A word about terminology: this is not a "segmented sieve". That refers to the sieving of successive segments, one after another, updating the core primes list as we go. Here the top limit is known in advance and its square root is very small.

The same core primes are used to sieve each separate offset segment, so this may be better described as an "offset" sieve of Eratosthenes. For each segment being sieved, only the core primes not greater than its top limit's square root need be used of course; but the core primes are not updated while each such offset segment is sieved (updating the core primes is the signature feature of the "segmented" sieve).

Answer 8

Your upper bound is 10^9. The Sieve of Eratosthenes is O(N loglogN) which is too much for that bound.

Here are a few ideas:

Faster primality tests

The problem with a naive solution where you loop over the range [i, j] and check whether each number is prime is that it takes O(sqrt(N)) to test whether a number is prime which is too much if you deal with several cases.

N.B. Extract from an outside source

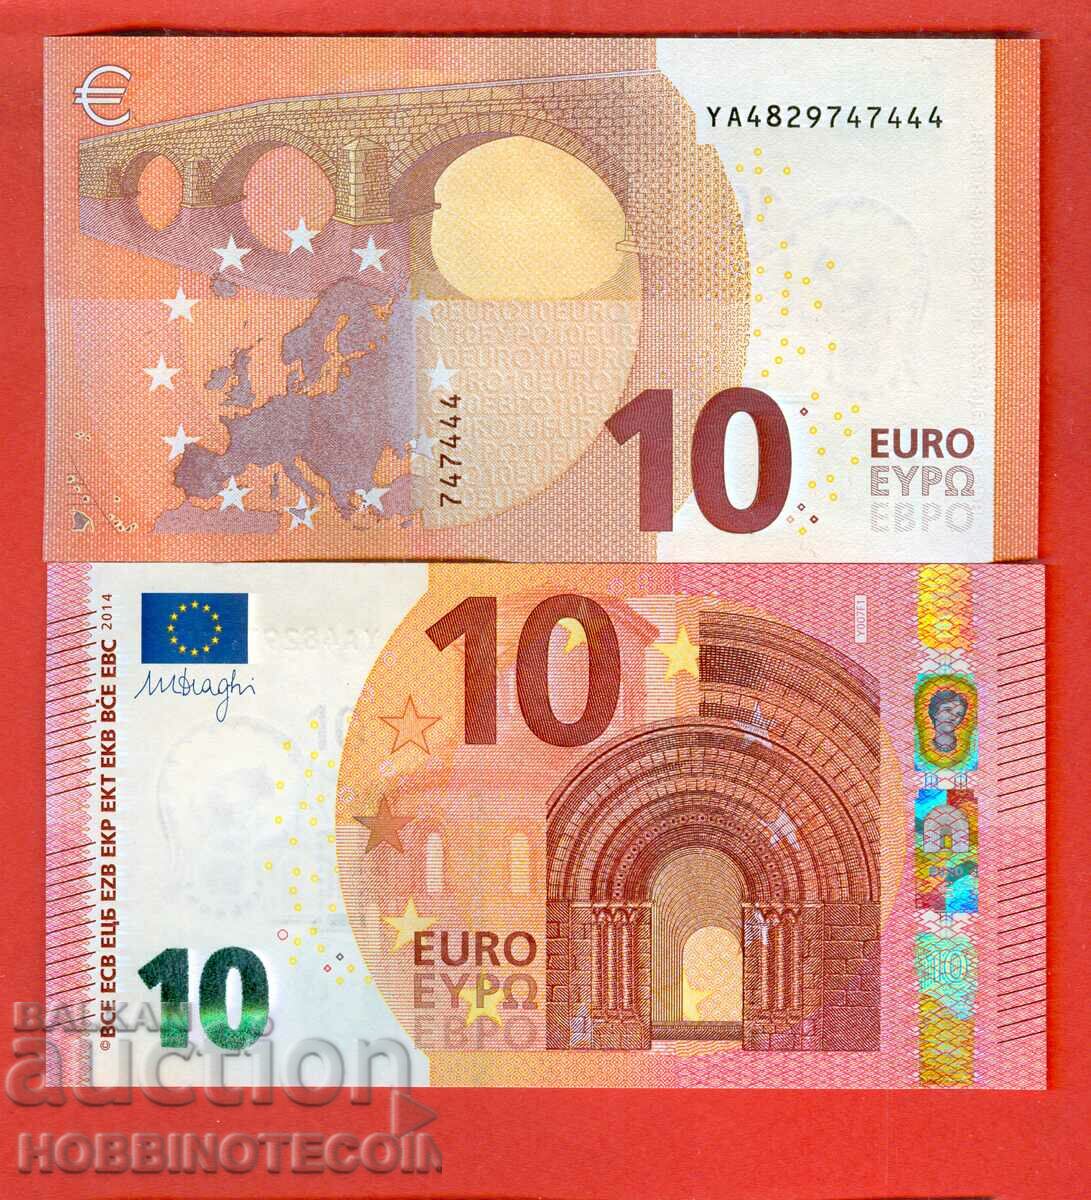 EUROPE EUROPA 10 Euro issue issue 2014 - YA - NEW UNC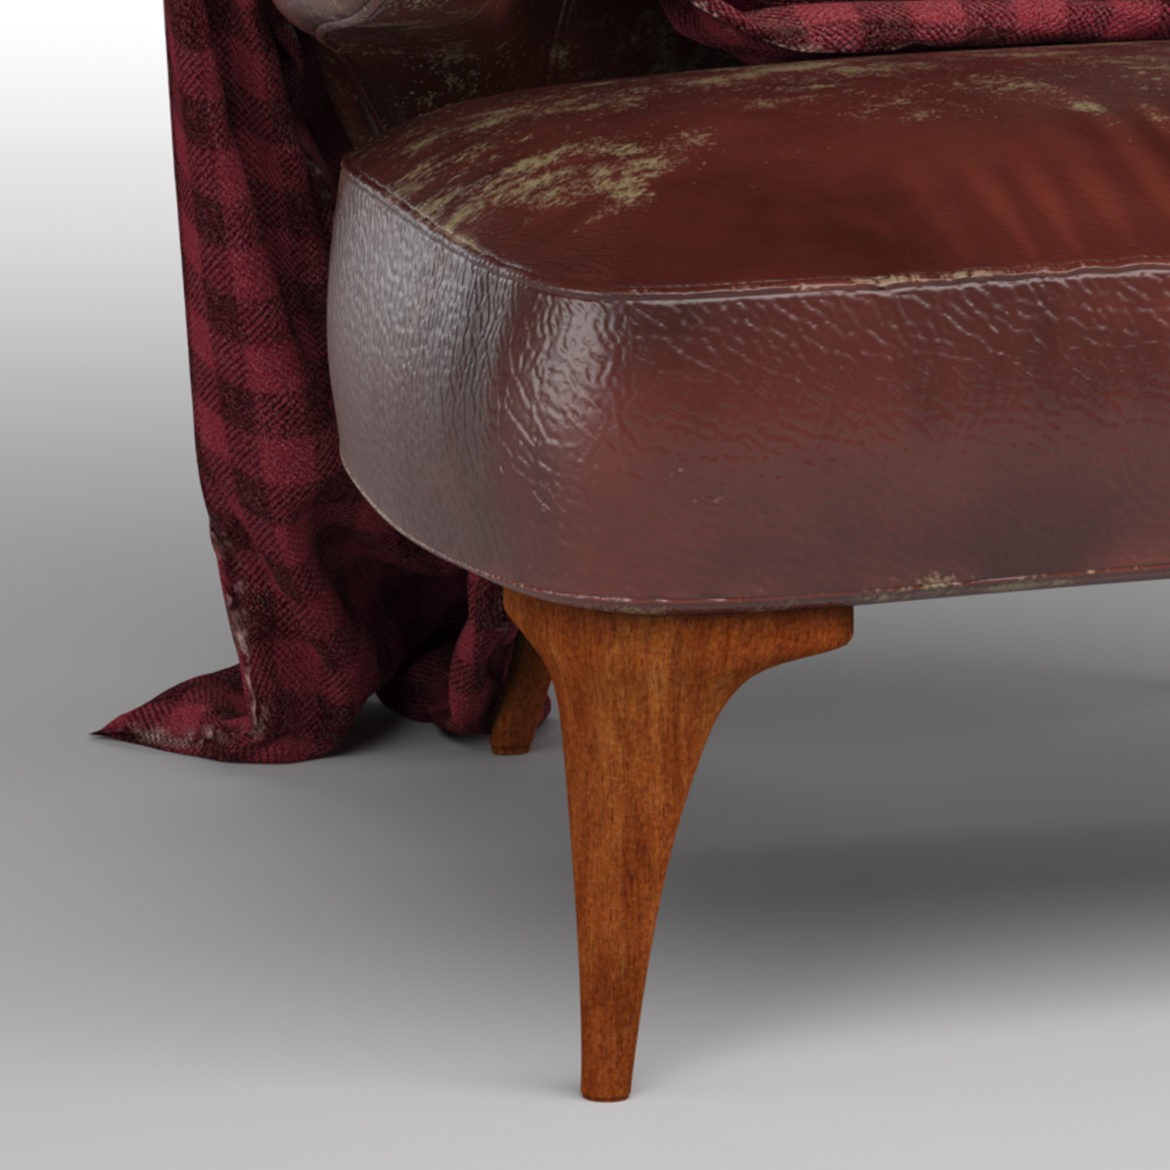  <a class="continue" href="https://www.flatpyramid.com/3d-models/furniture-3d-models/old-leather-armchair/">Continue Reading<span> Old leather armchair</span></a>

However, you could try a smarter primality testing algorithm. Miller-Rabin is polynomial in the number of bits of N, and for N <= 10^9, you only need to check a = 2, 7 and 61.

Note that I haven't actually tried this, so I can't guarantee it would work.

Segmented sieve

As @KaustavRay mentioned, you could use a segmented sieve. The underlying idea is that if a number N is composite, then it has a prime divisor that is at most sqrt(N).

We use the Sieve of Eratosthenes algorithm to find the prime numbers below 32,000 (roughly sqrt(10^9)), and then for each number in the range [i, j] check whether there is any prime below 32,000 that divides it.

By the prime number theorem about one in log(N) numbers are prime which is small enough to squeeze in the time limit.